Developers could sneak annoying pop-up ads or phishing attacks into mobile apps via design flaw in Android, according to researchers.
LAS VEGAS–Researchers have discovered what they say is a design flaw in Android that could be used by criminals to steal data via phishing or by advertisers to bring annoying pop-up ads to phones.
Developers can create apps that appear to be innocuous but which can display a fake bank app log-in page, for instance, when the user is using the legitimate bank app, Nicholas Percoco, senior vice president and head of SpiderLabs at Trustwave, said ahead of his presentation on the research at the DefCon hacker conference today.
Currently, apps that want to communicate with the user while a different app is being viewed just push an alert to the notification bar on the top of the screen. But there is an application programming interface in Android´s Software Development Kit that can be used to push a particular app to the foreground, he said.
“Android allows you to override the standard for (hitting) the back buttons,” said Sean Schulte, SSL (Secure Sockets Layer) developer at Trustwave.
“Because of that, the app is able to steal the focus and you´re not able to hit the back button to exit out,” Percoco said, adding that they´ve named the issue the Focus Stealing Vulnerability.
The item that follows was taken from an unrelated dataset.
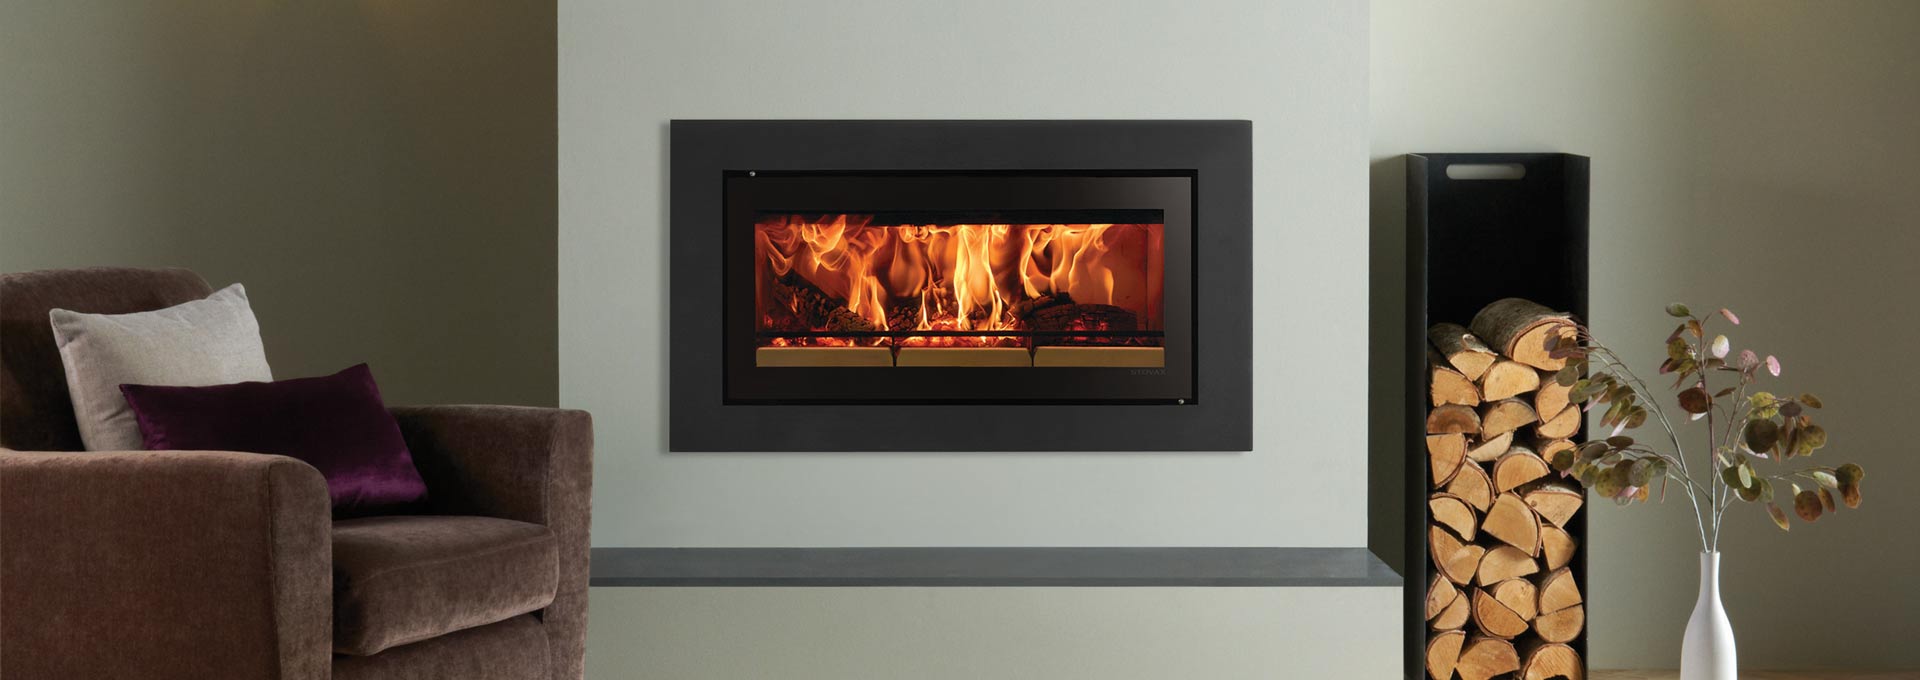 STV2C-fireplace-steelXS-1920x680

The researchers have created a proof-of-concept tool that is a game but also triggers fake displays for Facebook, Amazon, Google Voice, and the Google e-mail client. The tool installs itself as part of a payload inside a legitimate app and registers as a service so it comes back up after the phone reboots, Percoco said.
In a demo showing a user opening up the app and seeing the log-in screen for Facebook, the only indication that something odd has happened is a screen blip so quick many users wouldn´t notice. The fake screen completely replaces the legitimate one, so a user wouldn´t be able to tell that anything is out of place.
With this design flaw, game or app developers can create targeted pop-up ads, Percoco said. The ads could be merely annoying, like most pop-ups are, but they could also be targeted to pop up an ad when a competitor´s app is being used, he added.
“So the whole world of ads fighting with each other on the screen is possible now,” said Percoco, who along with Christian Papathanasiou, demonstrated an Android rootkit at DefCon last year.
The functionality would not raise any red flags in the permissions displayed when the user downloads the app because it is a legitimate function for apps to check the phone state in what is called the Activity Service, according to Schulte.
Percoco said the researchers spoke to someone at Google about their findings a few weeks ago and that the individual acknowledged that there was an issue and said the company was trying to figure out how to address it without breaking any functionality of legitimate apps that may be using it.
When contacted for comment, a Google representative said he would look into the matter.
Update August 8, 2011 at 3:50 p.m. PT A Google spokesman provided this statement: “Switching between applications is a desired capability used by many applications to encourage rich interaction between applications. We haven´t seen any apps maliciously using this technique on Android Market and we will remove any apps that do.”
The Google spokesman also directed CNET to Visidon´s AppLock as an example of how that functionality is used. The app uses facial recognition technology to prevent unauthorized access to parts of your phone, such as your Gmail app. The legitimate use of the functionality described in the vulnerability in this example would slide AppLock´s password-requesting interface over Gmail´s when you tap it. Since AppLock uses your face as its password, it would slide on, allow your face to be recognized as the approved password, and then slide away.
Update August 8, 2011 at 7:40 p.m. PT Percoco´s response to the Google statement: “Application switching is not the issue. The real issue is ability for other apps to identify which app is in the foreground and then decide to jump in front of that running app without the user giving it permission to do so. We also don´t see how they could determine the difference between a malicious app or a legitimate one since they would both look almost identical until a user reports it to them as malicious. The ´wait until an app is reported bad before removing´ stance is dangerous and will likely prove out to be a fruitless effort as attackers could post apps much faster than Google could identify and remove them from the Market.”
CNET´s Seth Rosenblatt contributed to this report.